И тогда свершилось чудо. То было чудо очень скромное. Я не захватил с собой сигарет. И когда один из моих стражей закурил, я, сам не знаю отчего, слегка улыбнулся и знаком попросил у него сигарету. Сперва он потянулся, медленно провел рукой по лбу, поднял глаза, посмотрел уже не на мой галстук, а мне в лицо — и, к моему немалому изумлению, тоже чуть улыбнулся. Это было как первый луч рассвета.
Чудо это не стало развязкой драмы, оно просто рассеяло ее — так свет рассеивает тьму. И драмы как не бывало. С виду ничто не переменилось. Убогая керосиновая лампа, бумаги, раскиданные на столе, прислонившиеся к стене люди, краски, запахи — все оставалось прежним. И однако, все преобразилось в самой своей сути. Эта улыбка дала мне свободу. Это был знак столь же несомненный, столь же ясно предвещал он череду событий и столь же был необратим, как восход солнца. Он открывал новую эру. Все оставалось по-старому — и все стало иным. Стол с беспорядочно раскиданными бумагами ожил. Ожила керосиновая лампа. Ожили стены. Будто некое волшебство развеяло скуку, которую источала в этом подземелье каждая мелочь. Словно сызнова потекла по жилам незримая кровь, связуя все здесь воедино и всему возвращая смысл.
И те, кто был в комнате, не шелохнулись, но еще мгновенье назад они мне казались непостижимо далекими, словно допотопные чудища, — и вот возрождались к жизни близкой и понятной. С необыкновенной остротой я ощутил: все мы люди! Все мы живые! И я им сродни.
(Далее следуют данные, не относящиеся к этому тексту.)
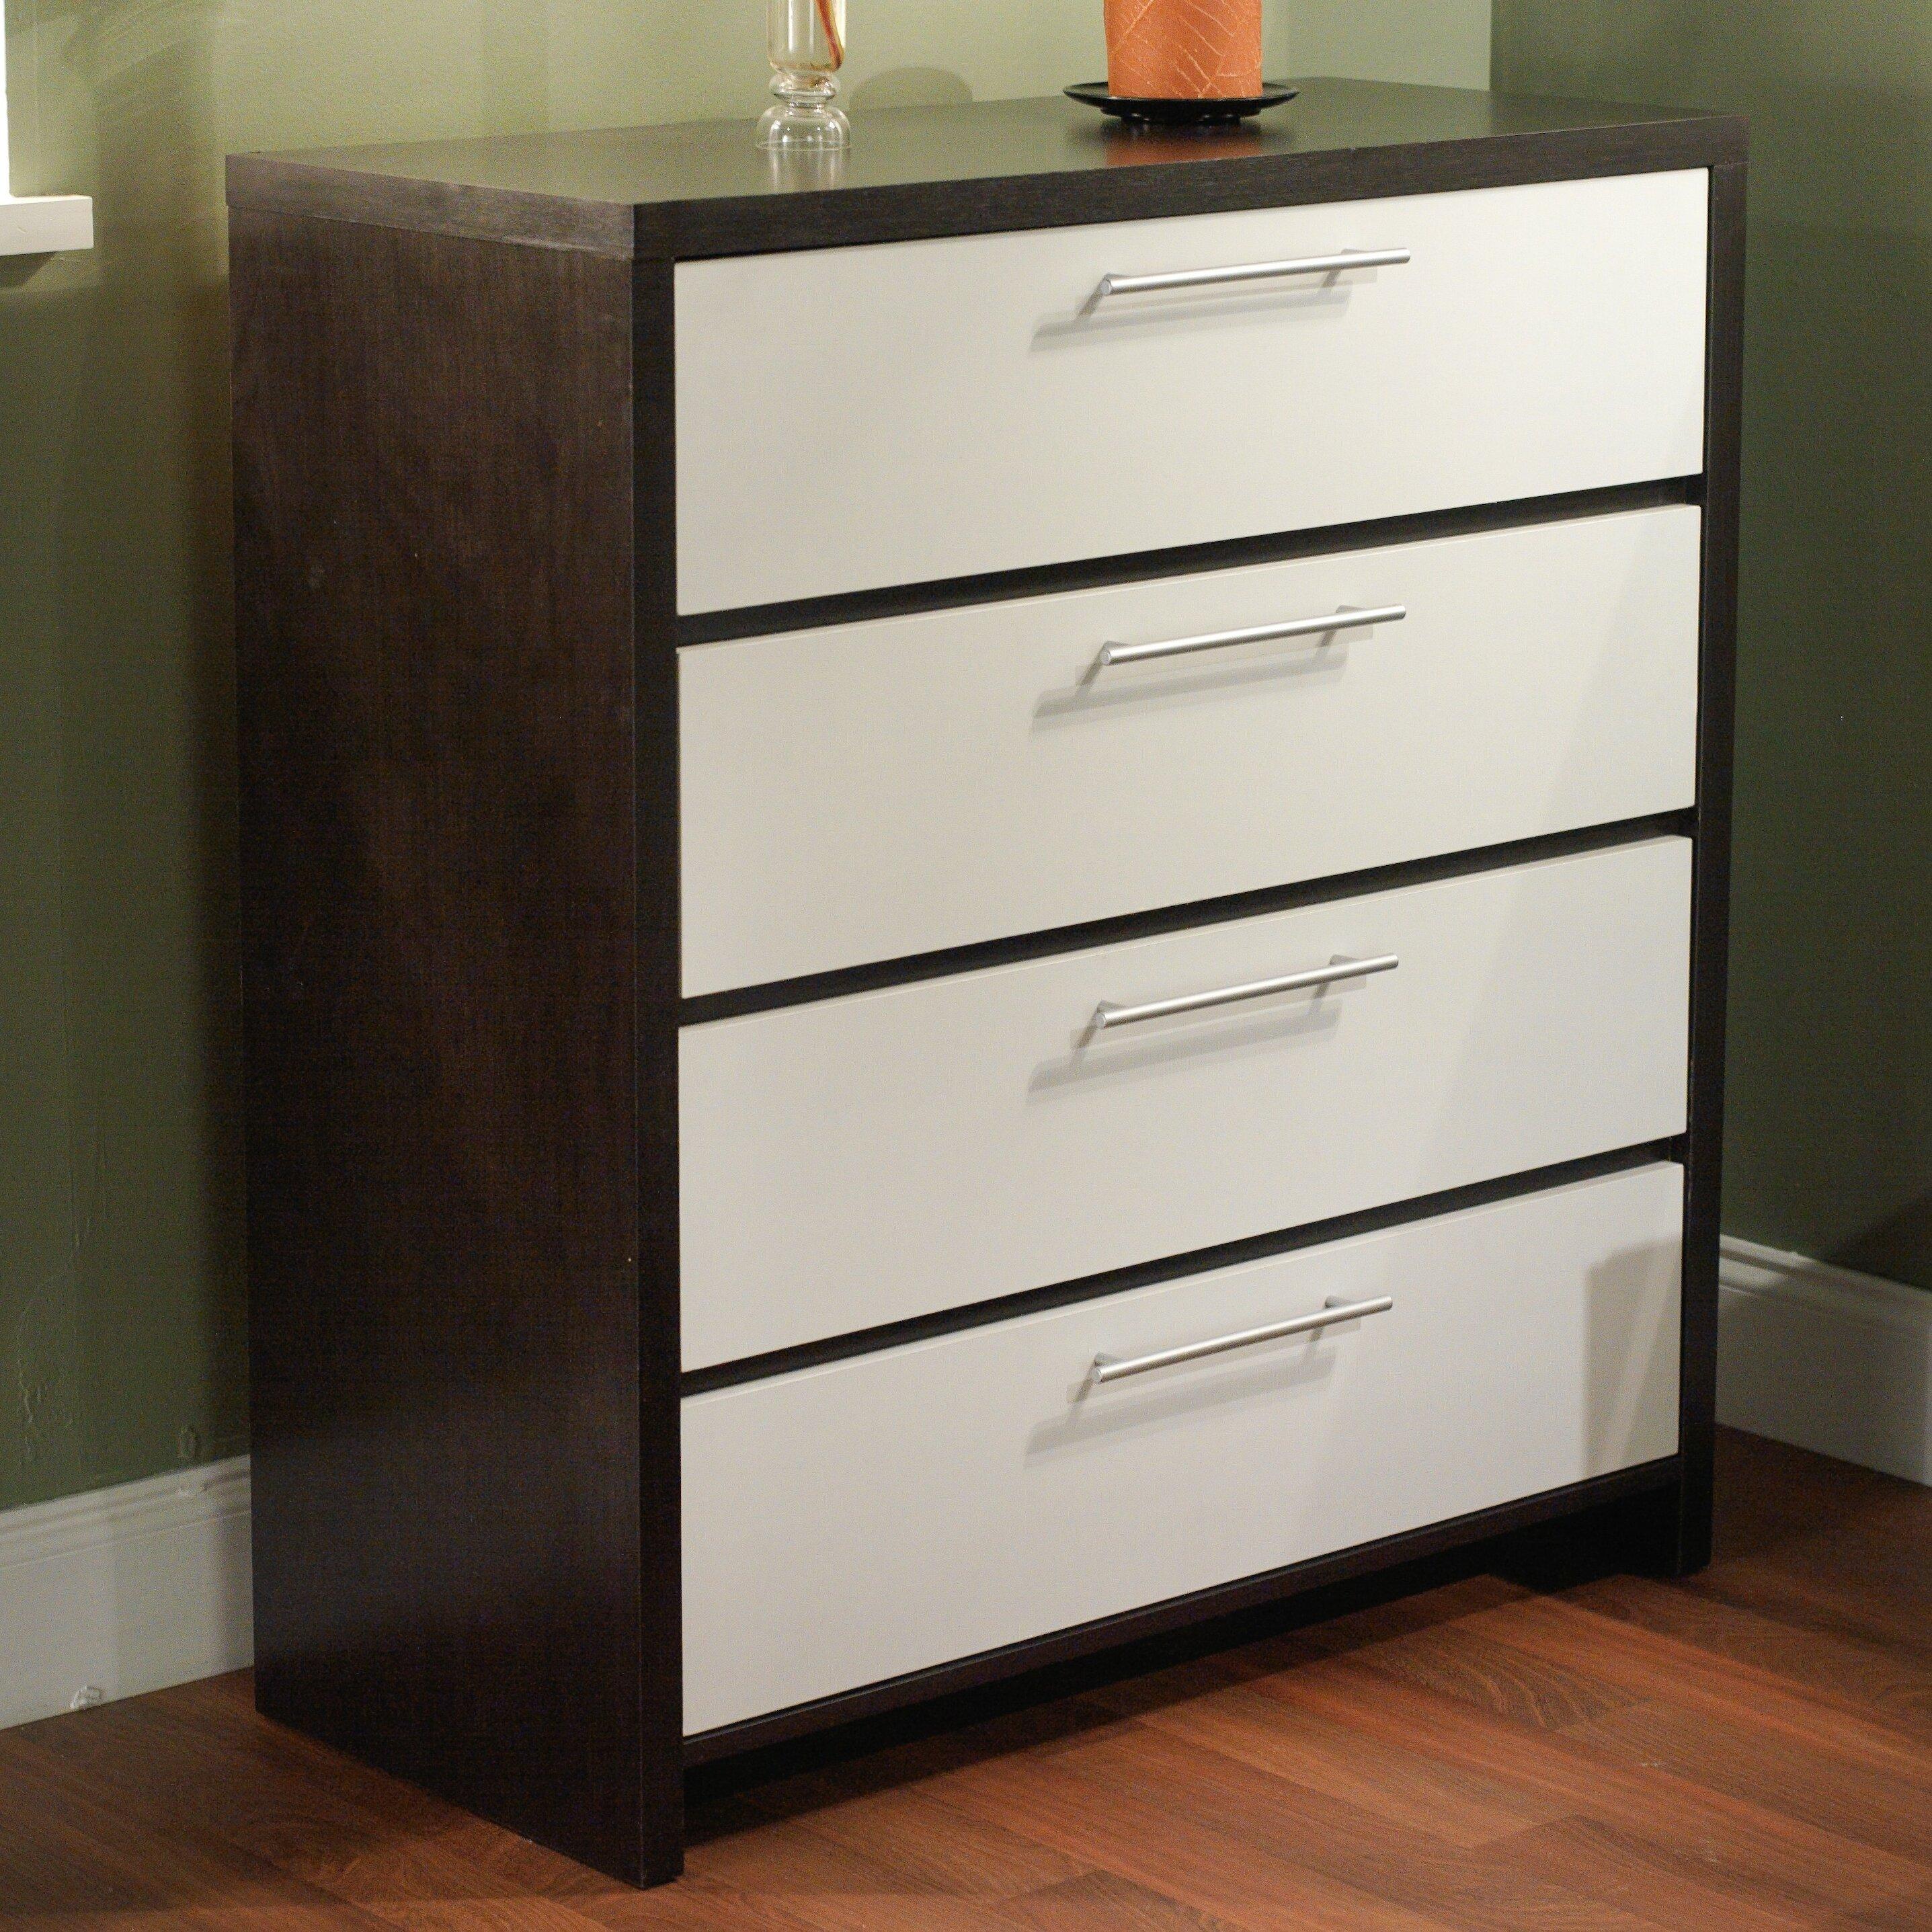 tms 4 drawer chest reviews wayfair. Black Bedroom Furniture Sets. Home Design Ideas

Юноша, который мне улыбнулся, только что был всего лишь исполнителем, орудием, частицей какого-то чудовищного муравейника — и вот, оказывается, он немного неловок, почти застенчив, и застенчивость эта полна обаяния. Едва ли этот террорист был менее груб, чем любой другой. Но в нем проснулся человек и сразу стало ясно, что где-то в душе он беззащитно мягок! Мы, люди, так часто напускаем на себя неколебимую суровость, но втайне каждый изведал и колебания, и сомнения, и скорбь…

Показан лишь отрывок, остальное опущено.